Here’s what you can do to support change.
For too long, healthcare has focused on treating the individual as a separate, isolated unit rather than understanding each person within the larger context of personal environment and local community. Fortunately, more health plans are implementing new strategies to address Social Determinants of Health (SDoH), or those circumstances that influence the well-being of people within their communities. These determinants include everything from food and housing security to healthcare access, health literacy, public safety, and transportation. SDoH directly influence up to 80 percent of health outcomes and are the key drivers of health inequities and disparities.
To address these vulnerabilities in your member population, it’s critical to first gain an in-depth, data-based understanding of which communities are adversely affected by SDoH and the specific risk factors that need to be addressed. Here’s one tool (link to info on Onlife’s SDoH Community-Based Index) that provides sophisticated mapping and data analysis to help you understand the multiple social dynamics that impact health and well-being in each of the 73,000 census tracts in the United States.
Today we’re able to collect and analyze detailed data that generates an increasingly accurate portrait of each consumer. But there are limits to what data can achieve.
Data is an abstraction. Just as a map is not the territory, data is not the actual person. It is only a digital synopsis. There are some types of information about each individual that can only be acquired in person by a doctor or other healthcare professional. This is especially true for SDoH, which varies from person to person within the same community.

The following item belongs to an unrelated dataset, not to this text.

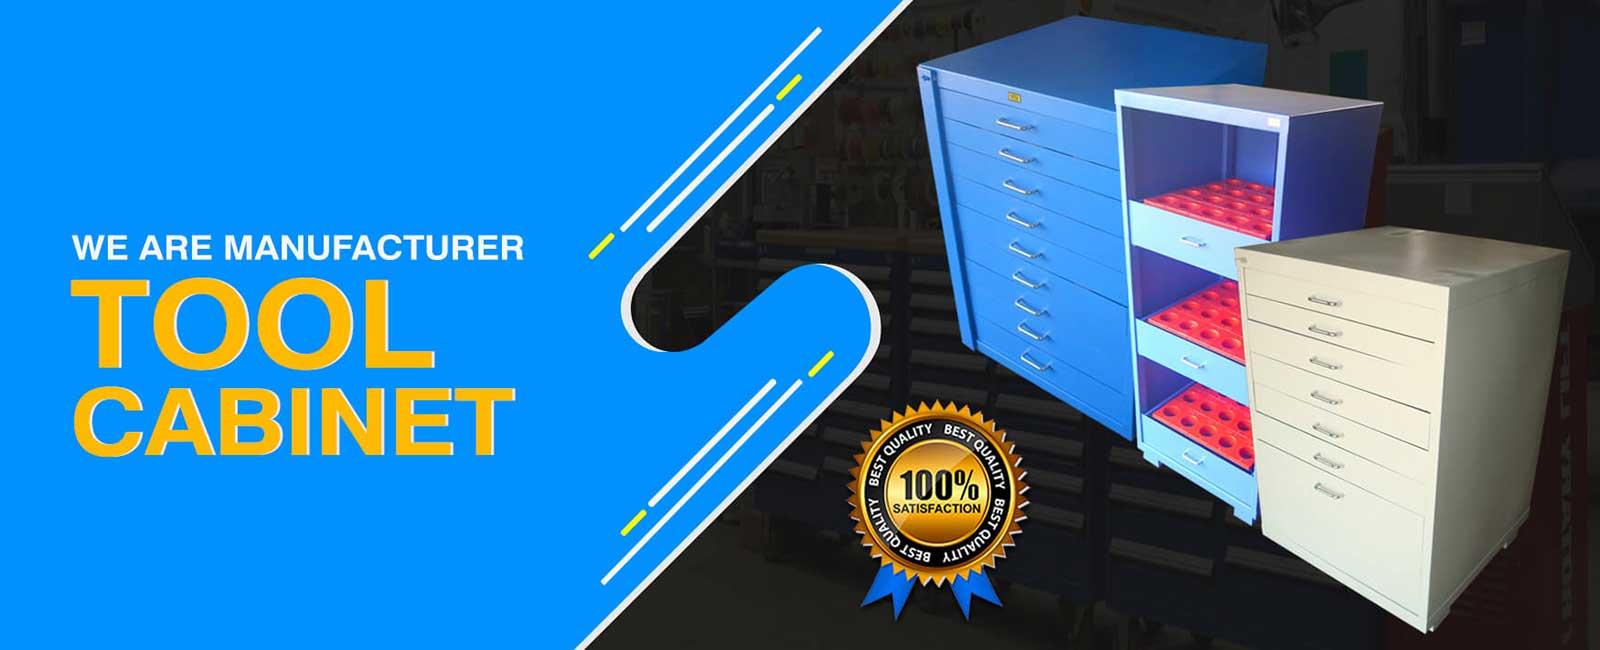 Tool Cabinet Manufacturer

Gaining this local knowledge requires a more “boots-on-the-ground” approach delivered by Community Health Workers (CHWs). CHWs live in the same communities as their members, giving them an in-depth local knowledge of the SDoH risks in the neighborhood. And because CHWs provide the first line of care in a member’s home, they’re better able to report on the specific SDoH vulnerabilities that impact each patient.
Gaps in data limit the ability of health plans to address health inequities. You can’t address a problem if you don’t know it exists. A recent California study found that two-thirds of commercial health plans in the state were missing data about race for more than half their membership. As a result, these health plans lacked the knowledge to effectively address health inequities. One cause for these gaps in data may be due to the reluctance of some members to share race/ethnicity information with their health plans.

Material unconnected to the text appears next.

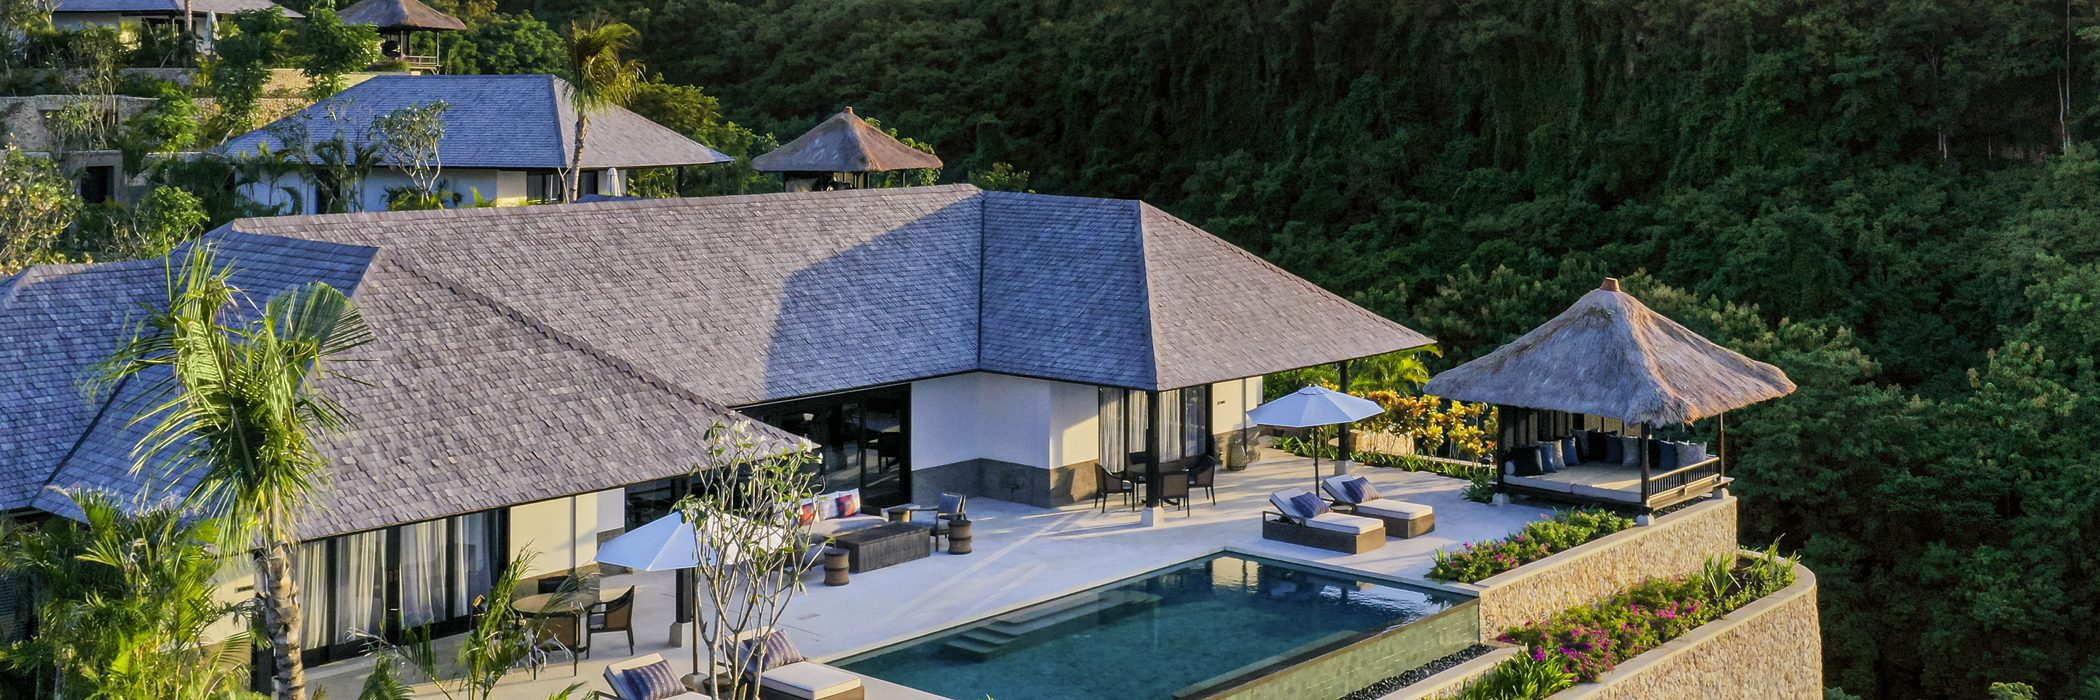 Raffles Bali - The Timeless Grandeur of Raffles

This is one reason why health plans need to more clearly address members’ concerns around confidentiality. In addition, standardization of data collection would help to ensure that race/ ethnicity information is collected across all lines of business.
Personas are just one example of how data can be leveraged to address health inequities. A persona is a subgroup of users who share similar patterns across a set of variables. For example, Onlife Health has developed six personas based on SDoH needs. When custom content is created specifically for a member’s SDoH persona and tagged accordingly, engagement metrics reveal that members are more than twice (2.1x) as likely to click on the information compared to content created or identified for other SDoH personas. The effectiveness of personas could be amplified by using cohorts, which can combine multiple factors to provide personalized content at a more granular level.
Health literacy is the ability of individuals to manage their own well-being by applying healthcare information and services to their own medical situation. According to the CDC, almost nine out of 10 adults struggle to understand and use both personal and public health information when it’s filled with unfamiliar or complex terms.
When lacking health literacy, a person is less likely to stick with a treatment regimen or understand a prescription label. Health plans have several opportunities to improve health literacy. These include providing adult education and English language instruction in addition to educational materials that are culturally relevant and written in the member’s primary language. These materials should use plain language and visual aids to help readers understand the information, which is often too complex and filled with medical jargon. Also, consider creating provider networks that are representative of a community’s demographics.
At the most fundamental level, health equity is about giving everyone a fair and just opportunity to be as healthy as possible. But there are also practical benefits. Offering equitable care produces a more efficient healthcare system with fewer doctor visits, reduced ER utilization, less spending per patient and better outcomes overall. Health plans are in a unique position to advance health equity in our system, starting with the strategies discussed above.